Quantum Advantage Seeker with Kernels (QuASK): a software framework to speed up the research in quantum machine learning
Di Marcantonio, Francesco, Incudini, Massimiliano, Tezza, Davide, Grossi, Michele
Exploiting the properties of quantum information to the benefit of machine learning models is perhaps the most active field of research in quantum computation. This interest has supported the development of a multitude of software frameworks (e.g. Qiskit, Pennylane, Braket) to implement, simulate, and execute quantum algorithms.
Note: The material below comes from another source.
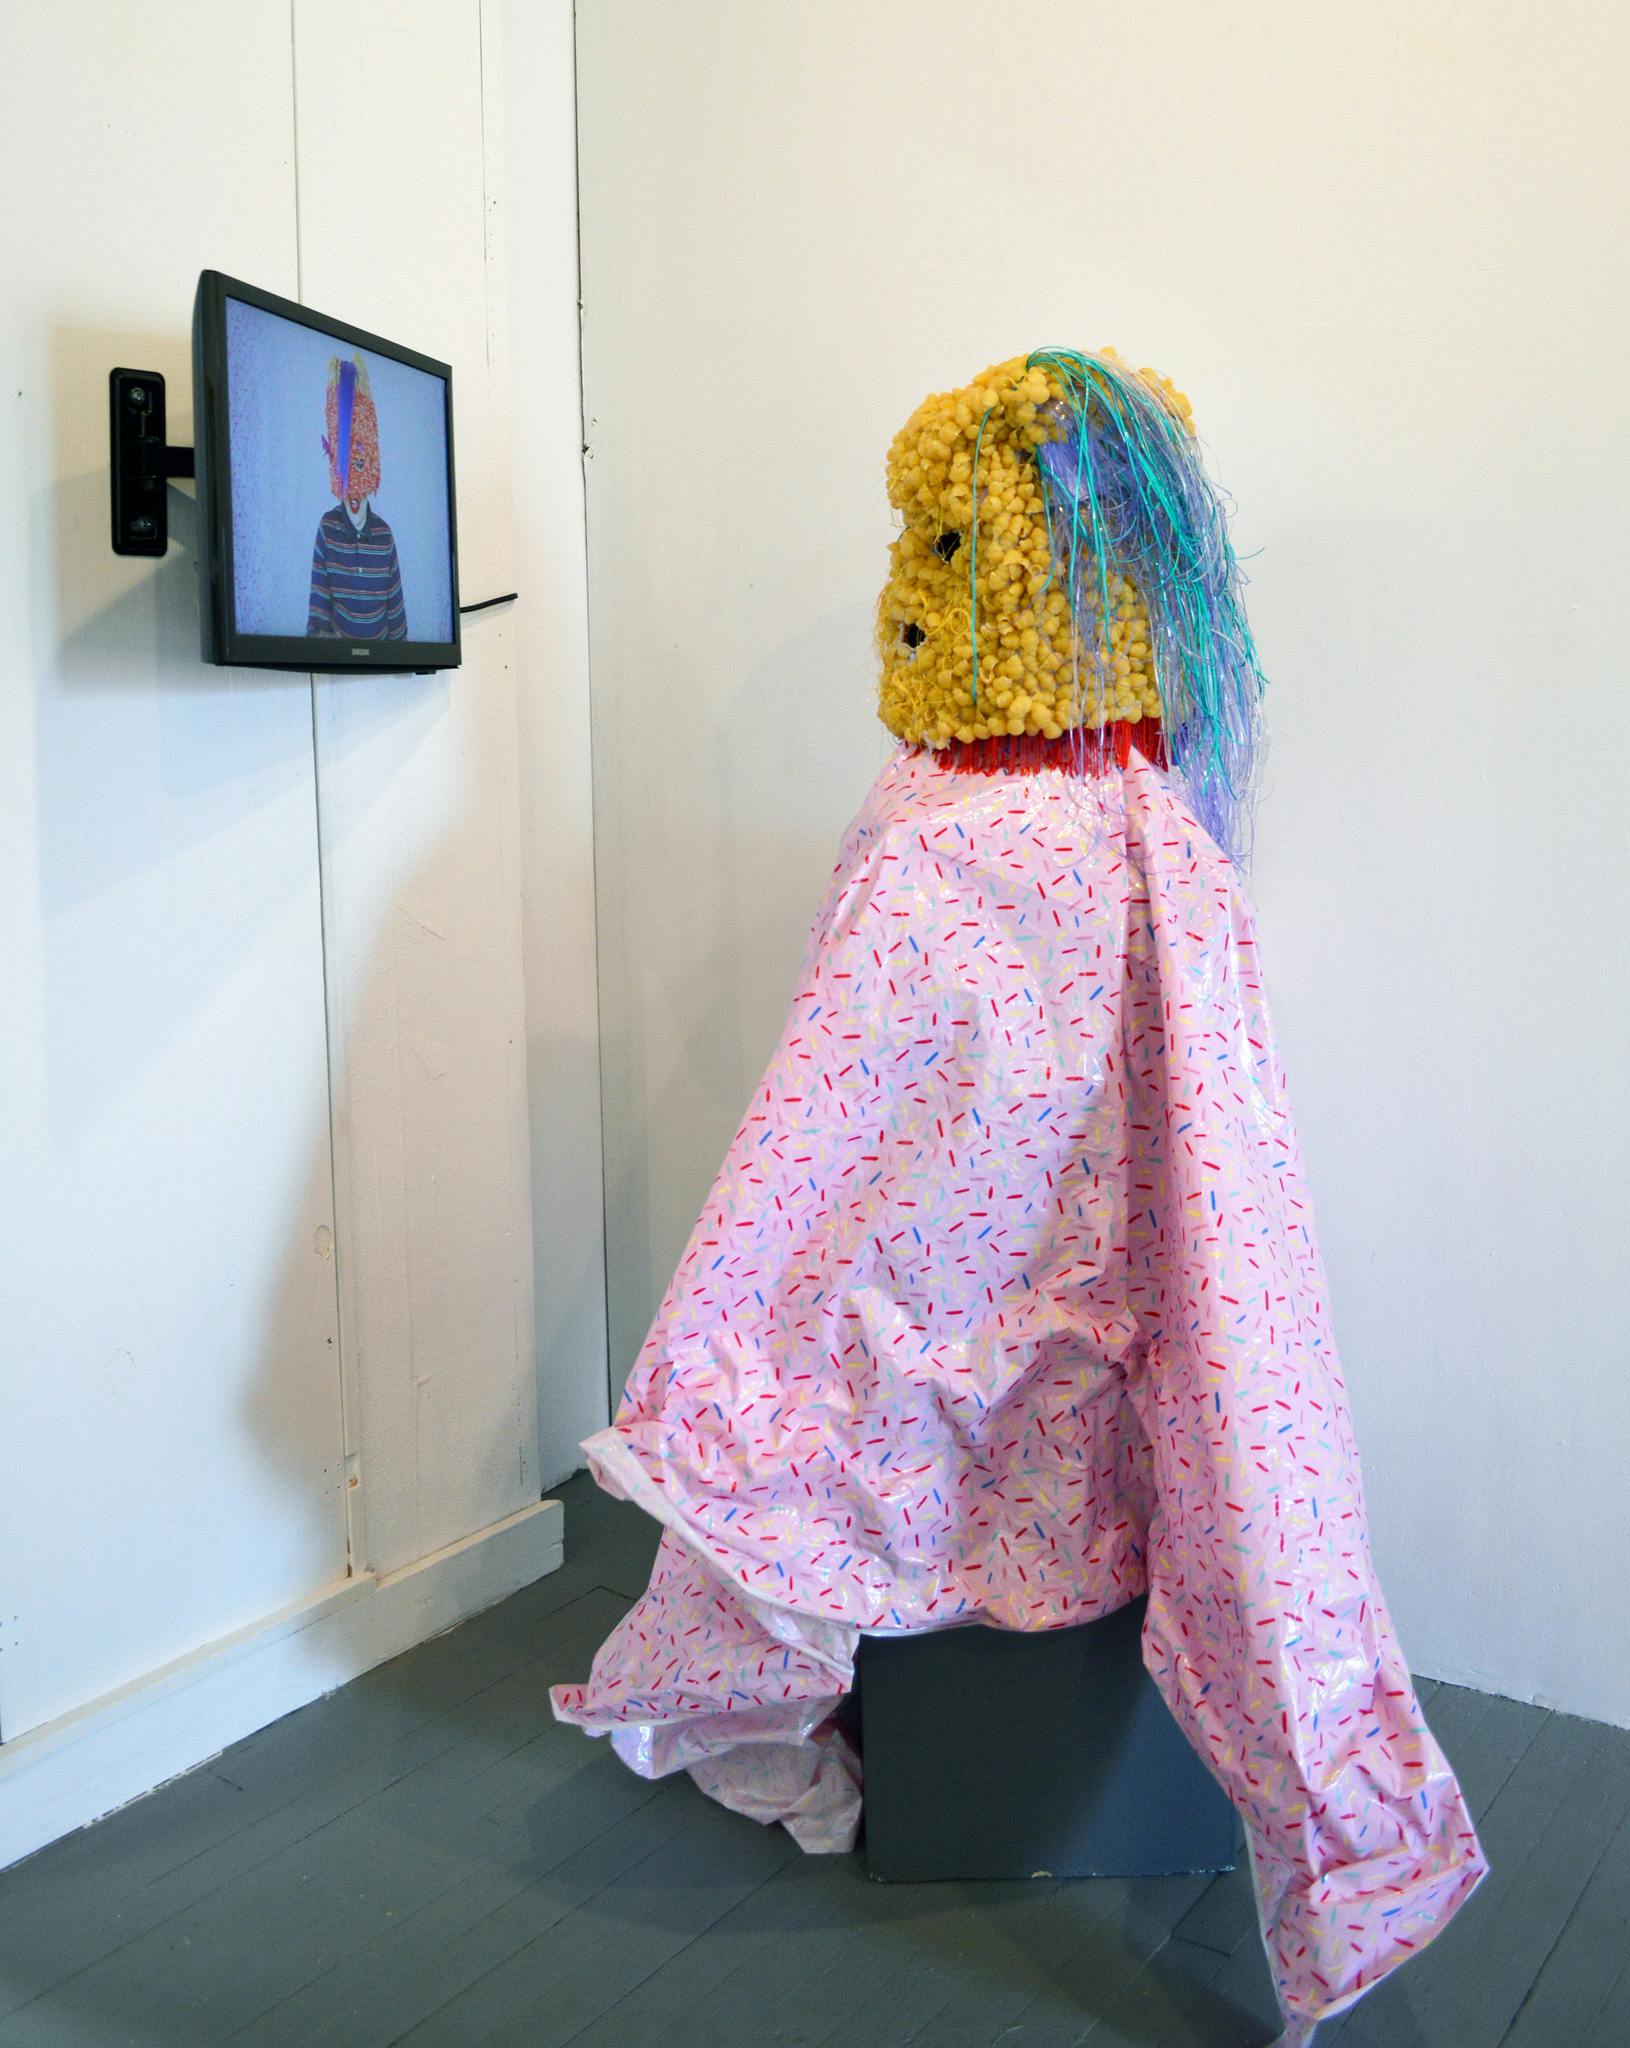 A figure wears a yellow headpiece and a pink smock, while watching a screen positioned on the wall.

Most of them allow us to define quantum circuits, run basic quantum algorithms, and access low-level primitives depending on the hardware such software is supposed to run. For most experiments, these frameworks have to be manually integrated within a larger machine learning software pipeline. The researcher is in charge of knowing different software packages, integrating them through the development of long code scripts, analyzing the results, and generating the plots. Long code often leads to erroneous applications, due to the average number of bugs growing proportional with respect to the program length. Moreover, other researchers will struggle to understand and reproduce the experiment, due to the need to be familiar with all the different software frameworks involved in the code script. We propose QuASK, an open-source quantum machine learning framework written in Python that aids the researcher in performing their experiments, with particular attention to quantum kernel techniques. QuASK can be used as a command-line tool to download datasets, pre-process them, quantum machine learning routines, analyze and visualize the results. QuASK implements most state-of-the-art algorithms to analyze the data through quantum kernels, with the possibility to use projected kernels, (gradient-descent) trainable quantum kernels, and structure-optimized quantum kernels. Our framework can also be used as a library and integrated into pre-existing software, maximizing code reuse.